● Required action:
Using the data below, return the stretch from the line that contains "LASCANA sandalen bestellen: 30" through the line that contains "Pieces bianco da donna maglietta con stampa", both included, exactly as it stands and nothing beyond it.
**********
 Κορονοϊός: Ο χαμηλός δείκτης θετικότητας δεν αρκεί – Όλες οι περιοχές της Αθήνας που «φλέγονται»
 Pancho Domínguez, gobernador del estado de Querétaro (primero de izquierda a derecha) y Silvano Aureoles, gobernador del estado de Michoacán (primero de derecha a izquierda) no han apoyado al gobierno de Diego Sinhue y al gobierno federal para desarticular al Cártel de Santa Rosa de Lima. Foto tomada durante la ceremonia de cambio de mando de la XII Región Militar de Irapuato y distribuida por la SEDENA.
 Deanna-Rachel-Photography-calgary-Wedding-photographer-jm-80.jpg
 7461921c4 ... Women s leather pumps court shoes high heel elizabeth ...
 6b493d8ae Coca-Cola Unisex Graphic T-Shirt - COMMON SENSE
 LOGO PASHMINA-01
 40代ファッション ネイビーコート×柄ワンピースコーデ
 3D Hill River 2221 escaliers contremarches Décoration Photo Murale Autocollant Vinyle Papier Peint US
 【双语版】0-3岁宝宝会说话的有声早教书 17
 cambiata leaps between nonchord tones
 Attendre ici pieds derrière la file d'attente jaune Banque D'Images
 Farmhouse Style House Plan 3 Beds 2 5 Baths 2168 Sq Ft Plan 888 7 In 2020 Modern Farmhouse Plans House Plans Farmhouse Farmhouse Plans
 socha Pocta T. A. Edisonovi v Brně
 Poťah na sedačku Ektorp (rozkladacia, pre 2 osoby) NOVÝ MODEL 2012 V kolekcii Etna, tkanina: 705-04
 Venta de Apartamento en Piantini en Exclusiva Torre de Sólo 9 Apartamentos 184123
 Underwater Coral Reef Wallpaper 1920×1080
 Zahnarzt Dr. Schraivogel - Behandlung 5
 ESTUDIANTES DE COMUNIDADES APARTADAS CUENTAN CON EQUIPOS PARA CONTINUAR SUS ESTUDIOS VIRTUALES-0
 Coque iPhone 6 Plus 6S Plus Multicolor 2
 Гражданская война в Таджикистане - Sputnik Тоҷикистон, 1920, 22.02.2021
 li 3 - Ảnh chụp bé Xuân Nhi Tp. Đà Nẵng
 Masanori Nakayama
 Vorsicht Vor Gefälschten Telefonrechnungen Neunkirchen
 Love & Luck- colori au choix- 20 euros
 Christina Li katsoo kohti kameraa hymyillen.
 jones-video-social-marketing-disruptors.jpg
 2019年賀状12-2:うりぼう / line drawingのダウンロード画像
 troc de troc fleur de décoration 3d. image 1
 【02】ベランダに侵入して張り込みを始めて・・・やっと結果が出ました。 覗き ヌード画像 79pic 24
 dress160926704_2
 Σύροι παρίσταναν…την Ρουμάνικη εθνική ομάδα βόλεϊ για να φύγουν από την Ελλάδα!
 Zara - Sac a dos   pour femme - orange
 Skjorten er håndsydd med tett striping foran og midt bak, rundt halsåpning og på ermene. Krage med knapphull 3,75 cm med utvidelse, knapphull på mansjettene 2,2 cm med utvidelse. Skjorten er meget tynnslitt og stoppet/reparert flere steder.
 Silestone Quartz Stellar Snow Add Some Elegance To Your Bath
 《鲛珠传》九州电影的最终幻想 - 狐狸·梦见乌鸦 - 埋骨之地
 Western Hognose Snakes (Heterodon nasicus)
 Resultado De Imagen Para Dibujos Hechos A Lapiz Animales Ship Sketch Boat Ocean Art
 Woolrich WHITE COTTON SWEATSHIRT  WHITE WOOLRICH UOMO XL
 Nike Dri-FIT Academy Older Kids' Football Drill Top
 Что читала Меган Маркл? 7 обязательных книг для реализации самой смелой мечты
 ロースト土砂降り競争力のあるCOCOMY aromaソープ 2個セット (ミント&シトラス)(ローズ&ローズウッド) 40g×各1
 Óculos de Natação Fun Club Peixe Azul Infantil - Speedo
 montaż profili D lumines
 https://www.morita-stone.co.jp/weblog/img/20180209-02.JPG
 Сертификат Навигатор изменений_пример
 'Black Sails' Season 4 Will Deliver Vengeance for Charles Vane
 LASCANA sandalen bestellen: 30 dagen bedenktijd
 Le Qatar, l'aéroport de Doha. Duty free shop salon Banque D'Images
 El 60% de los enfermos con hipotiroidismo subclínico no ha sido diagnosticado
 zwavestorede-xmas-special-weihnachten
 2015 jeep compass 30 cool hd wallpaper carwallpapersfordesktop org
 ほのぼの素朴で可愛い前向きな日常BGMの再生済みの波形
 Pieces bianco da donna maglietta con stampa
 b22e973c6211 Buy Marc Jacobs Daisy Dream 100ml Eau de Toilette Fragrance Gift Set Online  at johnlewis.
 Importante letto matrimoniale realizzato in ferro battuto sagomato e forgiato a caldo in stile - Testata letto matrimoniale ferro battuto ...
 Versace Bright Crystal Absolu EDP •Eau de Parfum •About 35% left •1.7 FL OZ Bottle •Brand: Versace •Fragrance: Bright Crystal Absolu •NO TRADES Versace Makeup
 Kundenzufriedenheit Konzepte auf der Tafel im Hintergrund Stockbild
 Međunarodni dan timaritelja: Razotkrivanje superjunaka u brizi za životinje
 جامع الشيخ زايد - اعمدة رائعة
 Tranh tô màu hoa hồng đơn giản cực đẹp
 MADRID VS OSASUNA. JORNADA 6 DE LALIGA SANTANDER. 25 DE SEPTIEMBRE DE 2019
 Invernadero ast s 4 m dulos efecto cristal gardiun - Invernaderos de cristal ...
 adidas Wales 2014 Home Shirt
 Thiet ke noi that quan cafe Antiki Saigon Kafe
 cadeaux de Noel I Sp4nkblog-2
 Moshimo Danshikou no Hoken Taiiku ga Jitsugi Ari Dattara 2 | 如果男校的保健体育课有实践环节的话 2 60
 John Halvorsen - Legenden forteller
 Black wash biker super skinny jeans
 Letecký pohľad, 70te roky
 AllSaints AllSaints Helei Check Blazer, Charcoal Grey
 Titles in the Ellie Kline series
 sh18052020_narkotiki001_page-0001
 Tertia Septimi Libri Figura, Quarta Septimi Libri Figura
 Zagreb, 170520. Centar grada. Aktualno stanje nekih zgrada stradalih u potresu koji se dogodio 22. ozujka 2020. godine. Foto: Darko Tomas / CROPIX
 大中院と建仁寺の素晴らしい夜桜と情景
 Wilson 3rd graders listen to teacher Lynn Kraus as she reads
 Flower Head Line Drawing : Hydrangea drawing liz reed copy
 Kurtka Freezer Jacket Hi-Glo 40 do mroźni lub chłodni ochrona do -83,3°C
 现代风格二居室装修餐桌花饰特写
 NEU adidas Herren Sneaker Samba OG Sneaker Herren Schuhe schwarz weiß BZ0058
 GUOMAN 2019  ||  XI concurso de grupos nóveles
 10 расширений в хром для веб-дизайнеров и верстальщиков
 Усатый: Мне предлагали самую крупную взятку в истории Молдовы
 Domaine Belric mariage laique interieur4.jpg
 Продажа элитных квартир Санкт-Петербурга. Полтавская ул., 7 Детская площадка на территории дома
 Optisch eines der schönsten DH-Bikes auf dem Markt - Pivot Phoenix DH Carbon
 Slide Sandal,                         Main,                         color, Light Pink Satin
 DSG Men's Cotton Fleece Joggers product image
**********
● Exercise output:
 LASCANA sandalen bestellen: 30 dagen bedenktijd
 Le Qatar, l'aéroport de Doha. Duty free shop salon Banque D'Images
 El 60% de los enfermos con hipotiroidismo subclínico no ha sido diagnosticado
 zwavestorede-xmas-special-weihnachten
 2015 jeep compass 30 cool hd wallpaper carwallpapersfordesktop org
 ほのぼの素朴で可愛い前向きな日常BGMの再生済みの波形
 Pieces bianco da donna maglietta con stampa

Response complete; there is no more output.